The lavaan package provides many fit measures, but we will focus only on the most common for evaluating how well the data fit the measurement model.

  • Model Chi-Square (χ2): Tests whether the covariance matrix derived from the model represents the population covariance (Test Statistic under the Model Test User Model section of the lavaan output)

  • Comparative Fit Index (CFI): Values range from 0 to 1, with CFI > 0.95 indicating good fit

  • Tucker Lewis Index (TLI): Values range from 0 to 1, with TLI > 0.95 indicating good fit

  • Root Mean Square Error of Approximation (RMSEA): Values of 0.01, 0.05, and 0.08 indicate excellent, good, and mediocre fit, respectively (though some texts suggest 0.10 is an adequate threshold for mediocre fit)

  • Standardized Root Mean Square Residual (SRMR): Square root of the difference between residuals of the sample covariance matrix and the hypothesized model, with SRMR < 0.08 indicating good fit

Given data sets are often small in people analytics, it is important to note that RMSEA often exceeds thresholds with small df and n—even when the model is correctly specified (Kenny et al., 2015). Therefore, it is important to index more on fit indices such as CFI and LTI in determining how well the data fit the measurement model.

The χ2 statistic is sometimes referred to as a “badness of fit” measure since rejecting the null hypothesis (p < 0.05) indicates a lack of fit. Though χ2 is significant (p < 0.001), both CFI (0.98) and TLI (0.97) are above the 0.95 threshold for good fit. In addition, SRMR = 0.04 is beneath the threshold of 0.08 and RMSEA = 0.09 is between the mediocre fit threshold range of 0.08 and 0.10. Therefore, the indicators (survey items) in these data adequately fit the two latent constructs defined by this measurement model.

For more extensive coverage of SEM, Kline (2005) is an excellent resource.

Clustering

Clustering is an ML technique that groups observations into clusters which have similar characteristics but different characteristics relative to the observations in other clusters. Clustering is similar to factor analysis in that it is also unsupervised since there is not a response variable, but it differs in that it does not seek to find a low-dimensional representation of observations that capture a large portion of variance in the data; clustering aims to find homogeneous subgroups among observations.
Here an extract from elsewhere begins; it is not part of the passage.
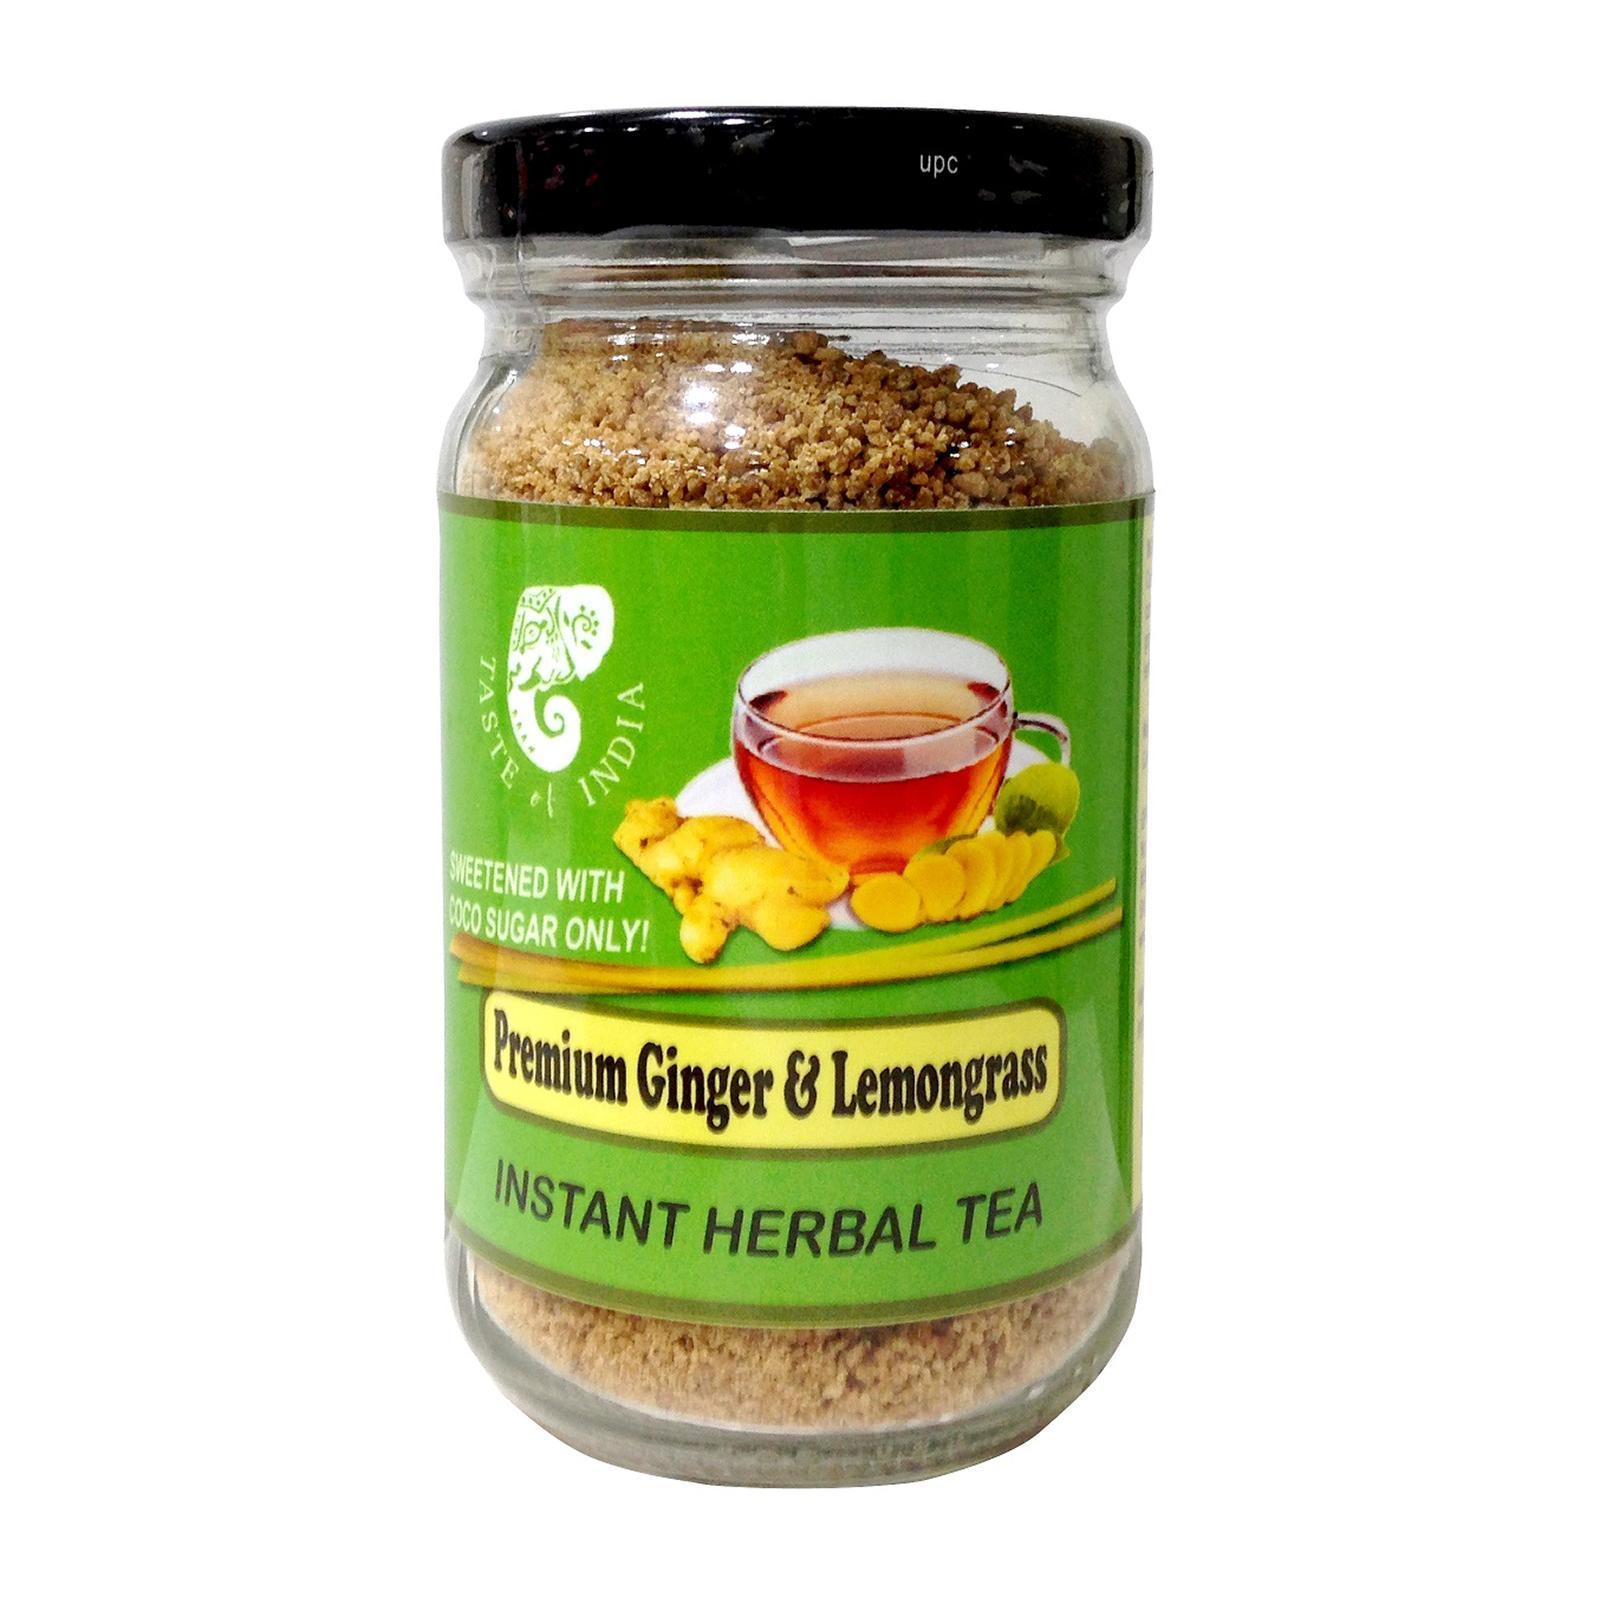 Taste Of India Premium Ginger And Lemongrass Instant Herbal Tea

Clustering is common in marketing in which it is implemented to create customer segments with shared characteristics. By grouping customers based on attributes such as income, household size, occupation, and geography, companies can tailor marketing campaigns to each segment based on what is most likely to appeal to the unique needs of each.

In people analytics, clustering has important applications as well. For example, clustering can be implemented to define personas based on unique talent development needs (e.g., early tech career, newly promoted people leaders) or attrition risk (e.g., rising stars with hot skills, low performers in high churn roles, high performers in specialized roles). Grouping employees based on relative attrition risk levels is often a more viable path for action planning, as there are important legal and privacy considerations when applying predictive model scores at the individual level of analysis.

This section will cover two popular clustering techniques: k-means and hierarchical clustering.

K-Means Clustering

K-means clustering is a simple approach to grouping observations into K distinct clusters. K-means clustering is implemented via a four-step process:

  1. 1.

    Define K.

  2. 2.

    Randomly assign observations to one of K clusters.

  3. 3.

    For each of the K clusters, compute the cluster centroid.

  4. 4.

    Assign each observation to the cluster with the closet centroid (middle).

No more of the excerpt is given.